IOWA - Widespread electrical outages were causing havoc for Iowa's livestock producers, Iowa Secretary of Agriculture Bill Northey said Monday.
calendar icon 27 February 2007
clock icon 3 minute read
Farmer Bill Massengale fills containers with gasoline on Monday in Montezuma to take to his farm northwest of town after a weekend storm led to power outages in parts of eastern Iowa.

"There are some areas out there with hundreds of poles broken off, and it will take time to get their electricity back on," he said.

Northey said that five or six counties reported that 80 percent to 90 percent of their rural areas were without electricity.

There was no estimate of livestock losses, Northey said at 5 p.m., but there were reports of calves dying.

"We don't have good numbers at this point, but we have heard of cattlemen losing calves because they lacked heat in their barns because they didn't have power," Northey said.

Utility companies were concentrating on getting electricity back on in cities, Northey said, "to take care of people first."

Northey said he had heard reports of a dairy and three hog buildings collapsing because of the weight of snow on their roofs, and diesel tractors too cold to start because the electricity was out and they couldn't be warmed.
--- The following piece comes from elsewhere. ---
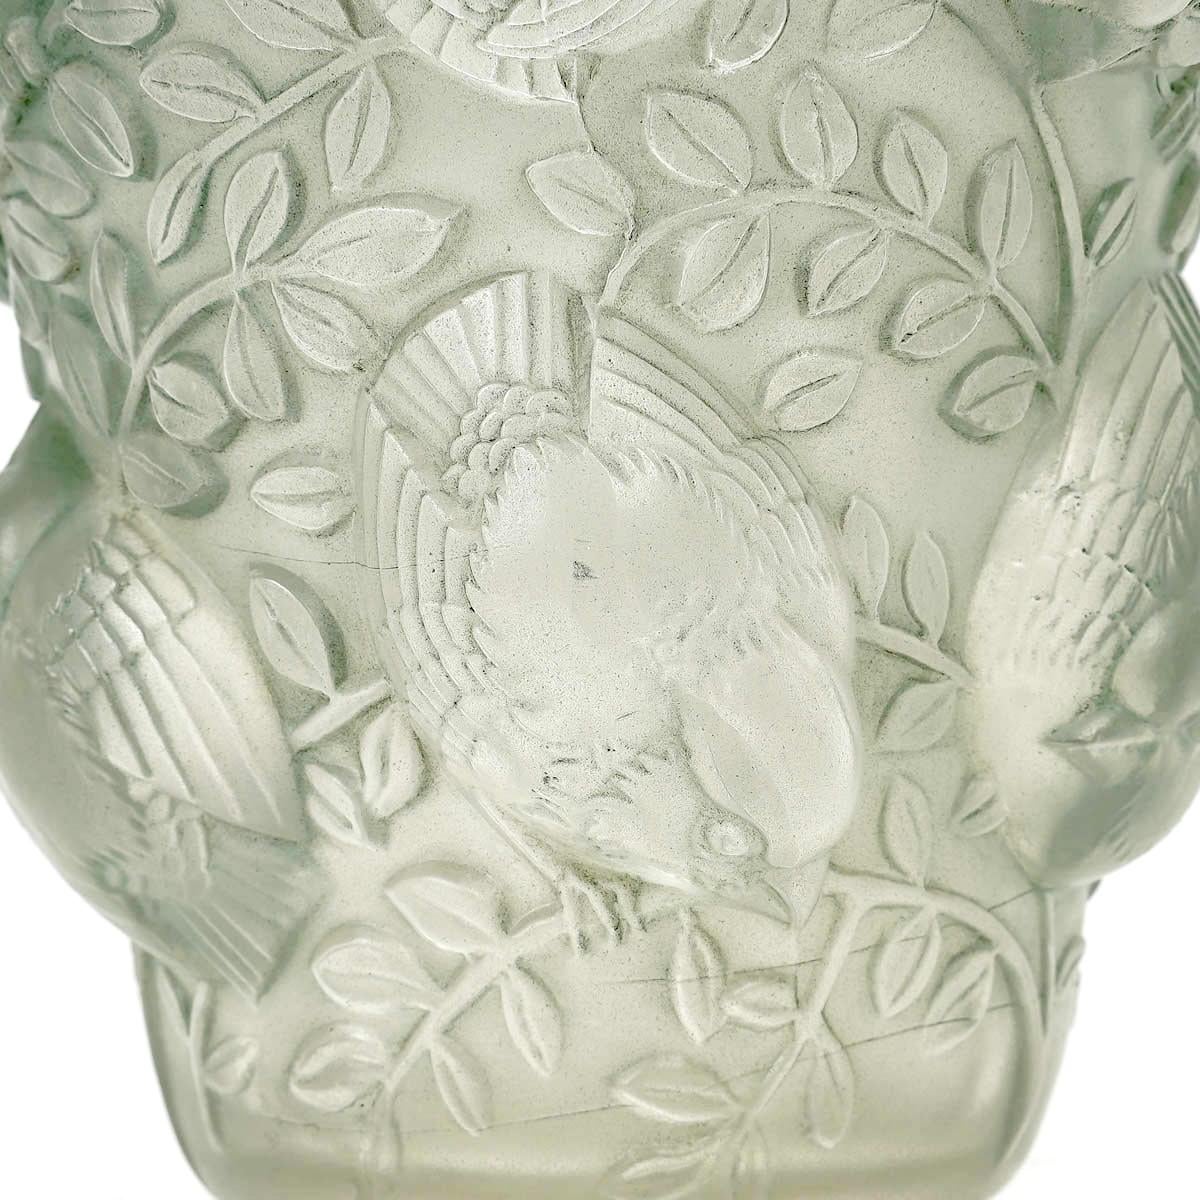 Molded 1930 René Lalique Vase Saint-François Frosted Glass Green Patina, Birds For Sale

An elevator lost its electricity and couldn't grind corn for livestock feed, he said, so it was delivering whole corn kernels to its customers.

"You can last a day or two without power, but then it becomes so much more of a challenge on the third, fourth or fifth day," Northey said. "There is real concern about another (storm) system coming in Wednesday or Thursday," Northey said.

One farmer who was glad he had a generator was Dale Vincent, who feeds hogs near West Branch.

Vincent said he lost his electricity at 12:30 p.m. Saturday, and it had not been restored by Monday afternoon.

In 1997, Vincent built two hog buildings and had generators installed in each. His wife convinced him to run a line from the generators to the house so they could keep the home's electricity running if the power went out.

"I feel very lucky," Vincent said. "We've been able to sleep in a warm house and cook our food. And the hogs are all doing great. You wouldn't know there was an outage."

Vincent's neighbors have not been so lucky.

"A lot of them are without power, and I've offered to let them use my well if they need water," he said.

Hog farmer Kelly Biensen of State Center said farmers usually can take precautions against adverse weather.